MWC now stands for 'Most Won't Come': Intel, Vivo and MediaTek drop out of mobile industry kneesup over coronavirus

Plus: We know people are dying but OMG! China smartphone sales could plunge 50%, say analysts

The interior of one of the pavilions of the Fira Barcelona exhibition centre. Pic: Shutterstock
The interior of one of the pavilions of the Fira Barcelona exhibition centre. Pic: Sharon Wildie/Shutterstock

Intel is the latest big name to withdraw from the Mobile World Congress trade show, due to take place in Barcelona later this month amid growing fears about the coronavirus epidemic.

This follows moves by other large firms, including Nvidia and LG, which both dropped out of the event in the last few days, citing the same concerns.

"The safety and wellbeing of all our employees and partners is our top priority, and we have withdrawn from this year's Mobile World Congress out of an abundance of caution. We are grateful to the GSMA for their understanding and look forward to attending and supporting future Mobile World Congress events," an Intel spokesperson said in a statement.

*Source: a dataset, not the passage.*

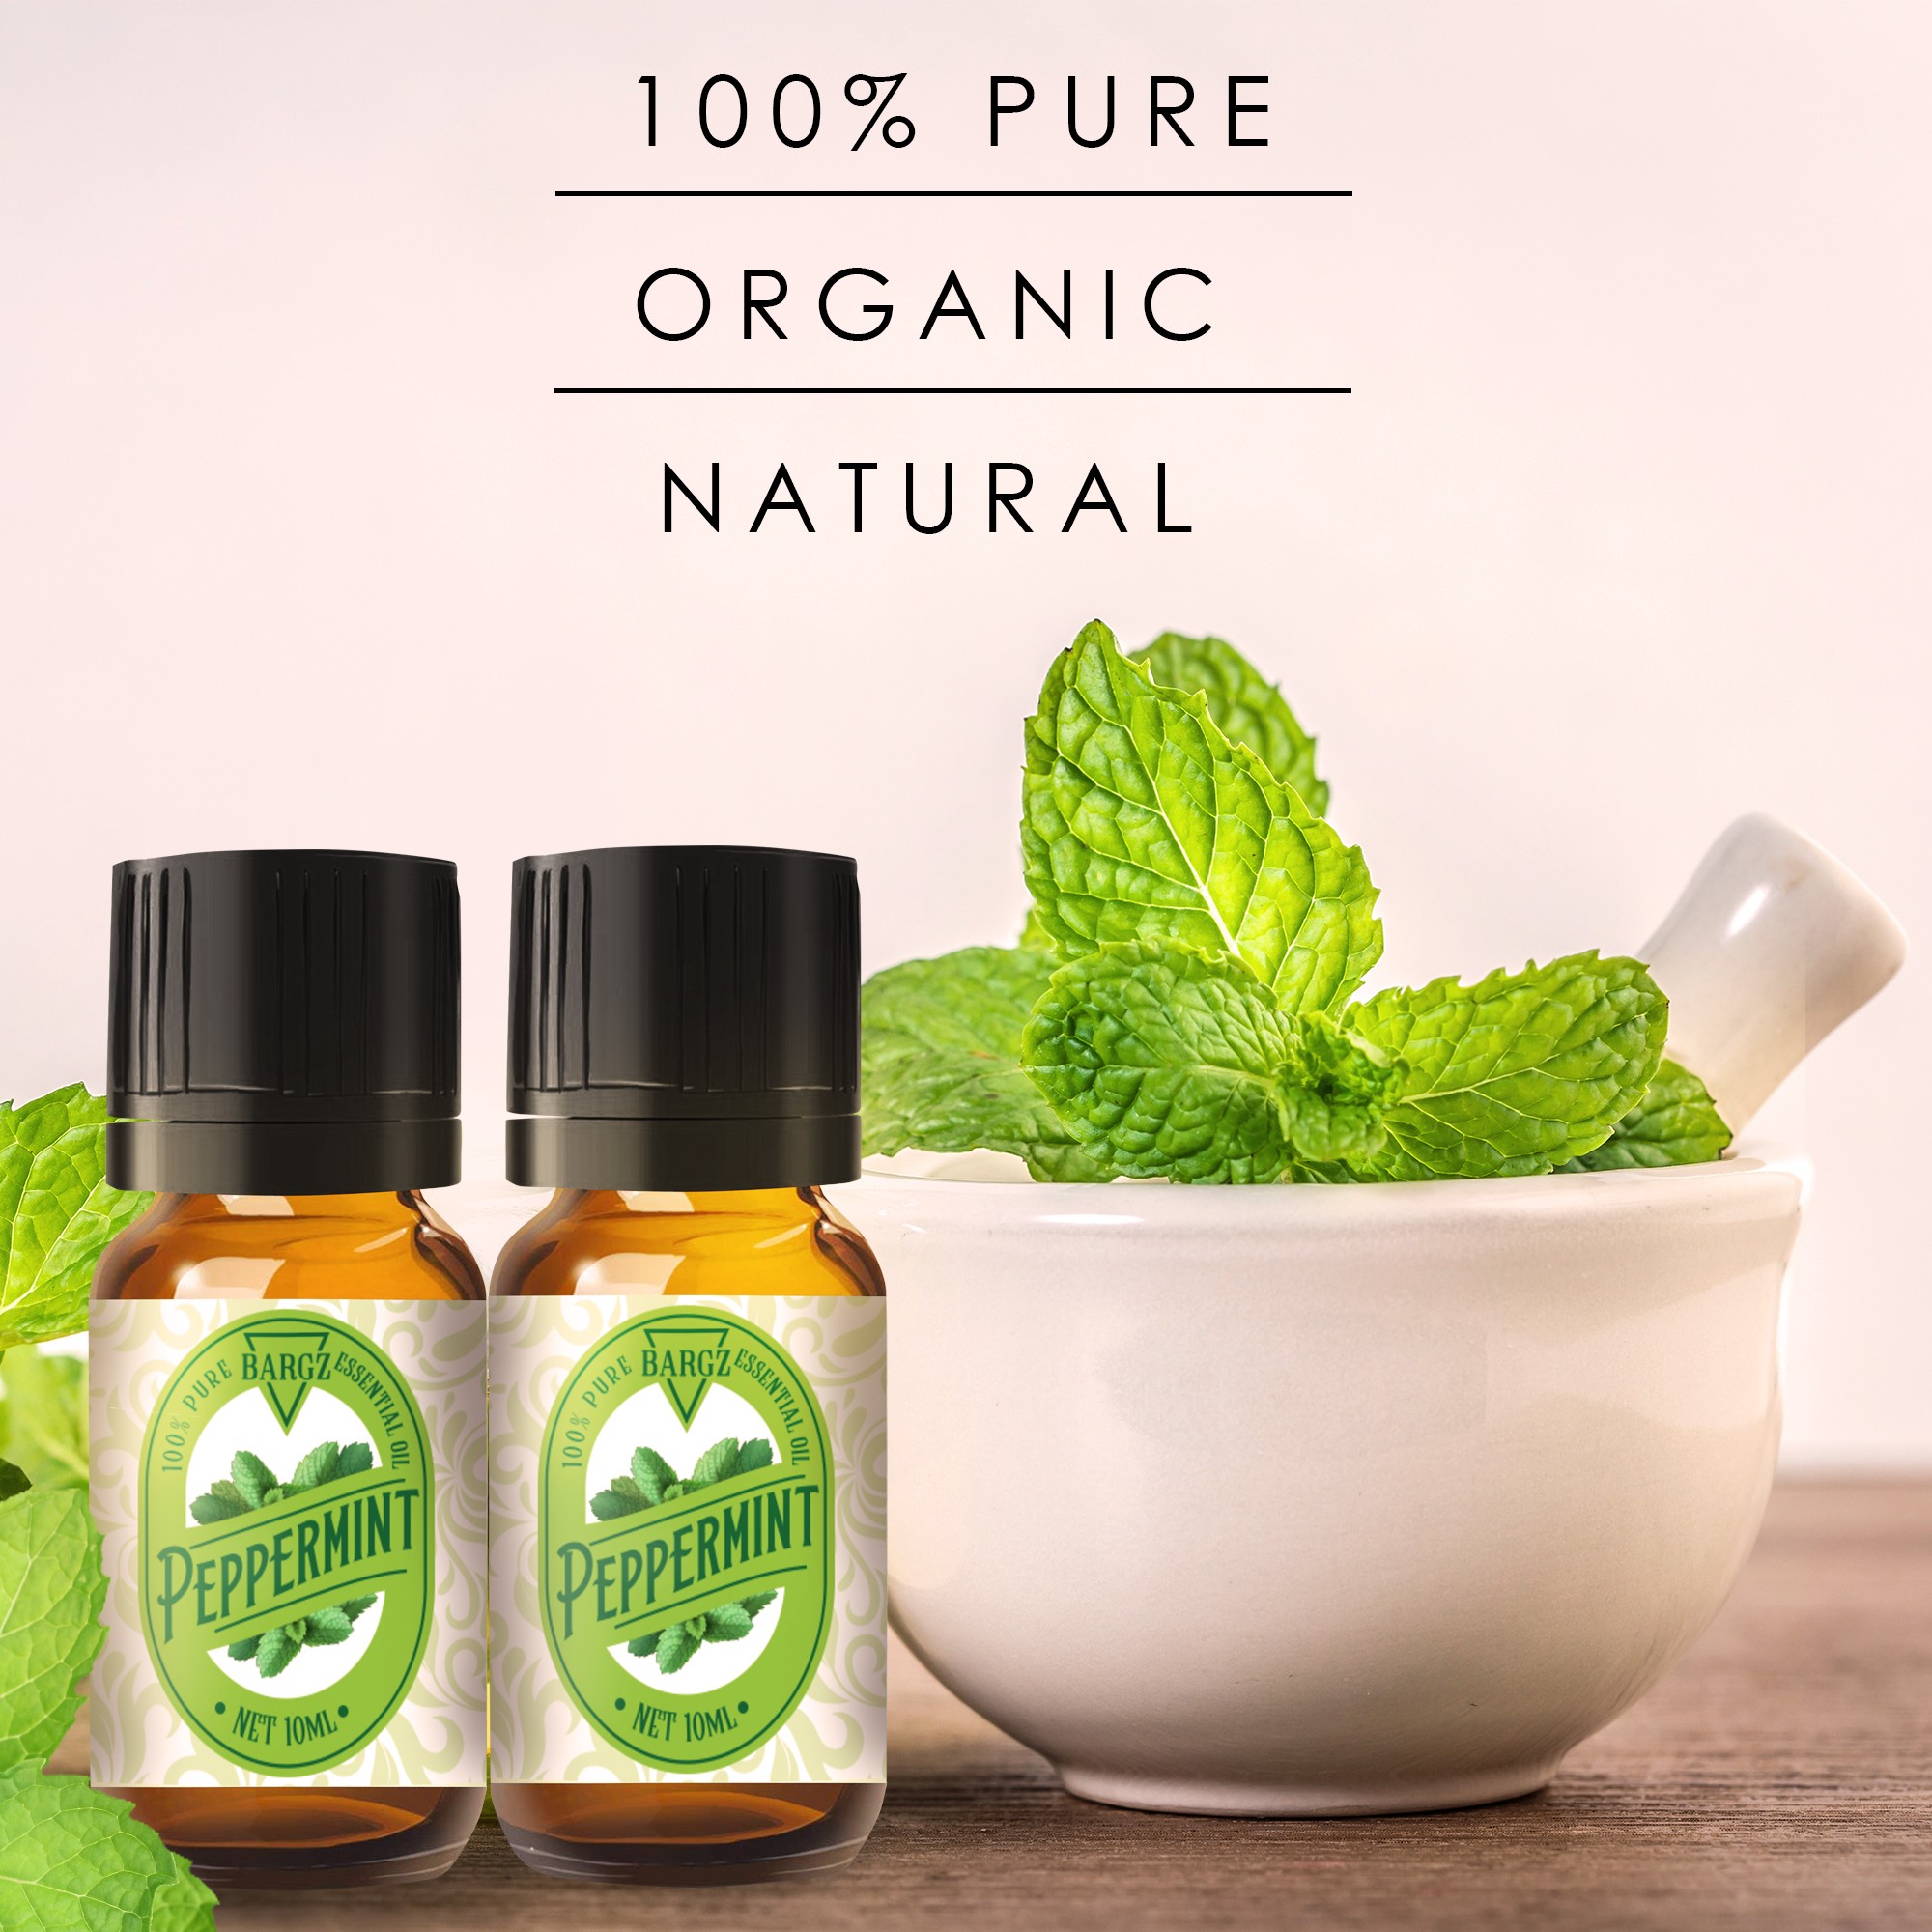 Benefits of Using Peppermint Essential Oil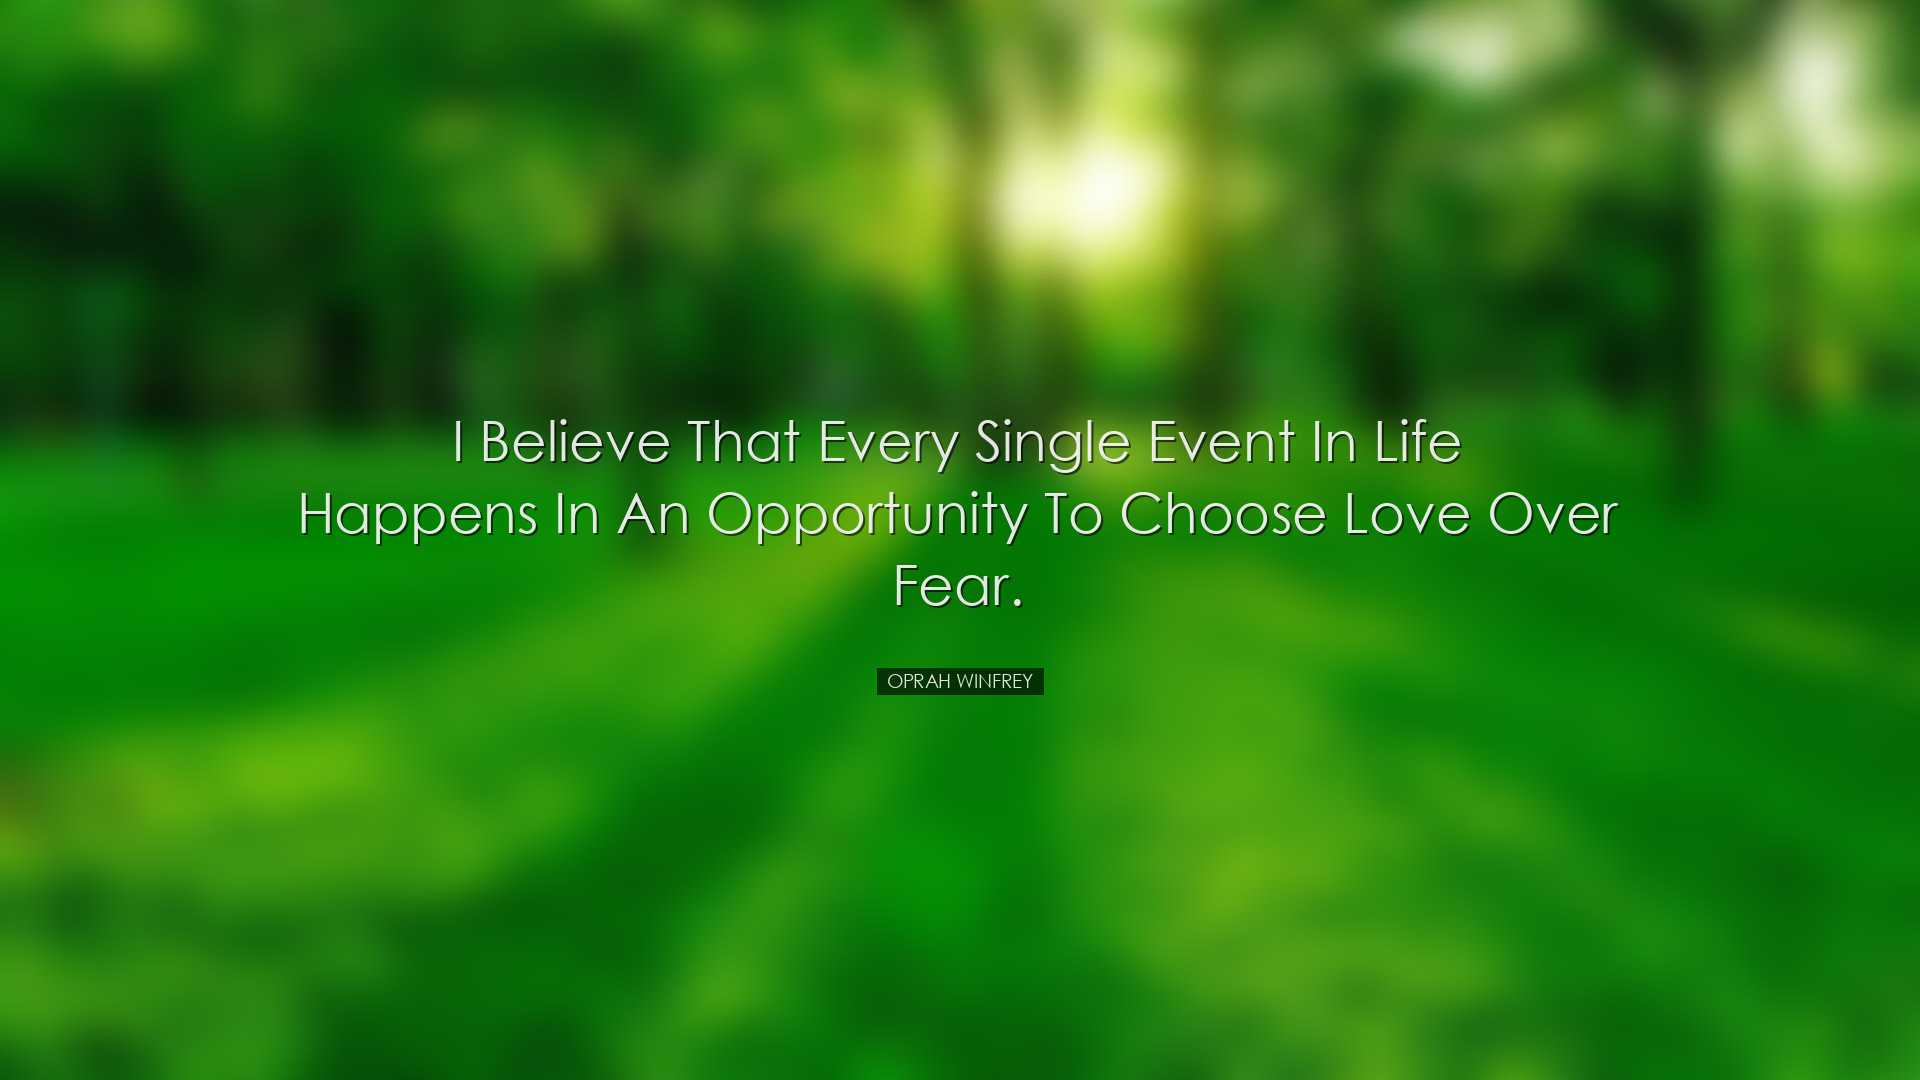 I believe that every single event in life happens in an opportunit

As in previous years, Intel had been expected to announce new kit at MWC. It's not immediately known whether it will hold a virtual product launch, as Sony has said it will, or whether it'll instead wait until it's safe to do a dedicated physical launch.

In the past 24 hours, the number of vendors pulling out from MWC over coronavirus worries has snowballed. NTT Docomo, a major Japanese carrier, confirmed its withdrawal yesterday, citing "consideration of the safety of the visitors, partner companies and staff members."

Perhaps the biggest loss is MediaTek, which is one of the most prolific manufacturers of mobile SoCs, and almost entirely dominates the lower section of the market. In recent years, it has pivoted towards more high-end chipsets, targeting a segment previously dominated by Qualcomm, Samsung, and Huawei.

In a statement, MediaTek said it had been closely following the spread of the novel coronavirus, and "after careful assessment," has decided to withdraw from the trade show in order to preserve the health and safety of people. It plans to show off upcoming tech separately, although is yet to figure out how.

Meanwhile, phone vendor TCL said it had cancelled its presser, where it was expected to shed light on the direction of upcoming own-brand handsets. TCL, however, continue to maintain a booth in the MWC exhibition hall.

Another loss comes in the form of Vivo, which has historically used MWC to demonstrate a new "concept phone," which it feels exemplifies the potential direction of the smartphone industry.

In a statement, Vivo said the health and safety of its employees is a "top priority," and it will unveil its 2020 APEX concept phone at a later (unspecified) date.

Coronavirus is a potentially fatal respiratory virus. Since its discovery late last year, over 42,000 individuals, mostly in Mainland China, have contracted the disease, with over 1,000 confirmed fatalities.

The disease is spread primarily through the vaporised by-products of coughs and sneezes. Among vendors and delegates, there is a widespread fear that MWC could serve as a breeding ground for coronavirus, as over 100,000 individuals head to the crowded halls of the Barcelona Fira exhibition hall from around the world.

In response, the GSM Association, which organises the event, has introduced several preventative measures designed to protect participants. These include cleaning and sterilisation efforts, a "no handshake" policy, and banning participants flying in from coronavirus epicentre, China's Hubei Province. ®

Won't somebody think of the economy?

Analysts have reforecast sales of smartphones and PCs in China, and have reckoned they will slump dramatically between Q4 2019 and Q1 2020 as the country grapples with the coronavirus epidemic.

Canalys estimated smartphone sales will drop by between 40 and 50 per cent, and that new PC purchases will fall 20 per cent. It previously estimated more modest decreases of 7 and 8 per cent for each respective category.

This is primarily a result of the preventative measures taken by the Chinese government in recent months. Workers in part of the Hubei province have stayed home with the municipal government extending the annual Lunar New Year holiday. Much non-essential business has come to a standstill, and shopping malls are almost entirely vacant.

This has affected both online and offline retailers, with Apple temporarily closing its stores across the country, Foxconn reportedly telling Shenzhen workers not to return to work yesterday, and digital marketplaces struggling to find the logistics capacity to deliver their wares to punters.

And, as we've exhaustively catalogued, many smartphone and assorted tech vendors have changed their product launch roadmaps to cope with the spread of the virus.